Дальше оказывается, что «идея современной музыки», а следовательно и идеология музыки, заключается в том, чтобы композитор современный отказался от мотыги и сохи. Мне кажется, что последнее есть средства, которые годны или не годны для поднятия и построения современной идеологии музыки. Конечно, чтобы поднять постройку современной музыки, нужны и новые средства и аннулирование кустарничества, которым объявляет войну Сабанеев, т<ак> к<ак> видит Современную музыку как музыку тяжелой индустрии.

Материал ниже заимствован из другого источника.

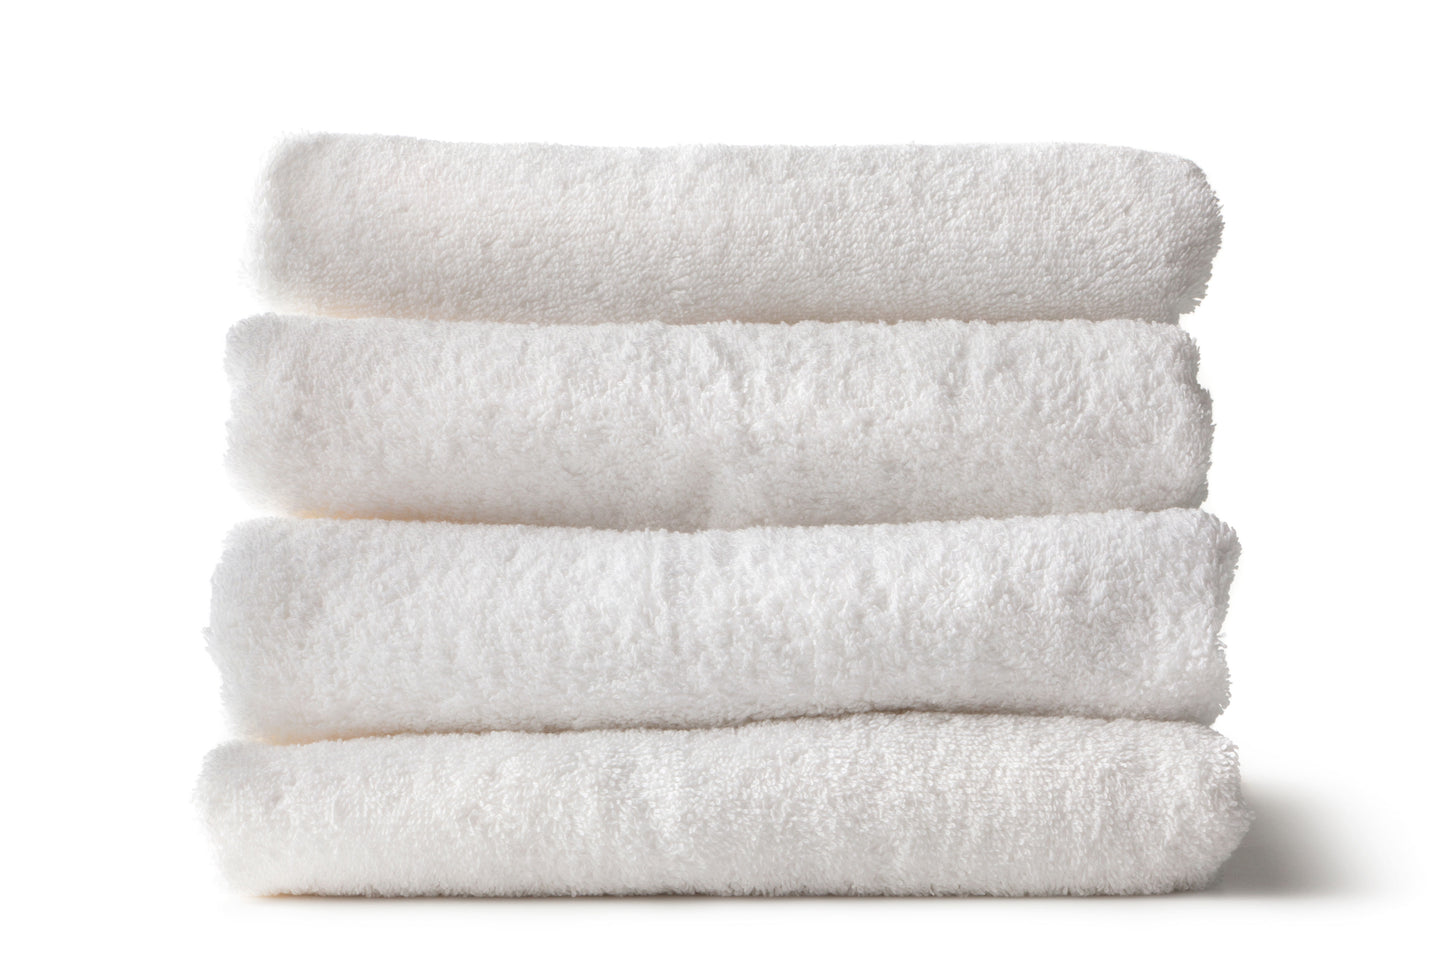 4 serviettes blanches pliées et empilés sur un fond blanc

С моей точки зрения, Новое Искусство отличается от старого тем, что оно больше не вводит в обман тем, что в холст не вводит предметов, сбивающих зрителя с толку, которые вместо живописи рассматривают предметы как в антикварном магазине, которые <т. е. предметы> никогда даже в старом искусстве живописи не играли роли предметов, ибо были только живописным материалом, а общество по неведению считало, что вся задача искусства именно и заключается в передаче подлинности предмета. Конечно, были и такие живописцы, которые списывали предмет, иллюстрировали события, но это делалось постольку, поскольку это нужно агиту. Новое искусство пришло к новому пониманию того, что живопись, а должно и музыка и поэзия, во всех явлениях видит только тот или иной материал, из которого должно выстроить ту или другую форму здания; и, конечно, этот материал перерабатывается музыкальной химией, ее условиями, подобно каолину (глине), переработанному в фарфоровую чашку. Таким образом, в самом явлении ценностью для живописца, а должно и других искусств, не является само явление (предмет), как только живописное его содержание — т. е. материал. Отсюда новое искусство и явилось для общества как как абстрактное, отвлеченное, беспредметное и даже показалось фальсификатом <потому>, что потеряло образ предмета, стало без-образным, беспредметным материовидом изменяющегося материала (метерии); абстрактность и есть отличительный признак нового искусства.
Ценность вещей
Итак, новое искусство в своей абстрактности только и может построить то или другое строение в своей чистоте, удаляясь все дальше и дальше от утилитаризационной примеси других идеологий — и все же такая абстрактность не будет отвлечена от всего современного строения нашего дня.
7 н<оября 19>24<г.>
К. Малевич
Область искусства*
Область Искусства еще до сих пор не имеет того научного оформления, как имеют все другие явления. Мног<о> еще неизвестн<ых>, не доиследован<ных> чистою наукою причин тех или иных явлений, но все же наука пытается проникнуть в виды явлений и узнать их причины. Область Искусства все до сих пор остается вне сферы научных исследований, вне устремлений точных определений причин, вне хирургических операций над явлениями того или иного вида искусства. Оно укрывается под знаком, на котором написано: «Искусство вне науки, оно вдохновение, которое нельзя ни словом, ни пером передать, оно чистая „интуиция“, чистое зачатие в художнике, которое неизвестно откуда исходит и что оплодотворяет художника». У художника есть только три момента: 1) вдохновение, 2) настроение, 3) творчество — что им руководят. Каждому отсюда критику известно, что руководит им вдохновение, настроение, без этого нет творчества. Но к этому всему нужно, оказывается, иметь «вкус» и чувствовать красоту, вне этого нет художника.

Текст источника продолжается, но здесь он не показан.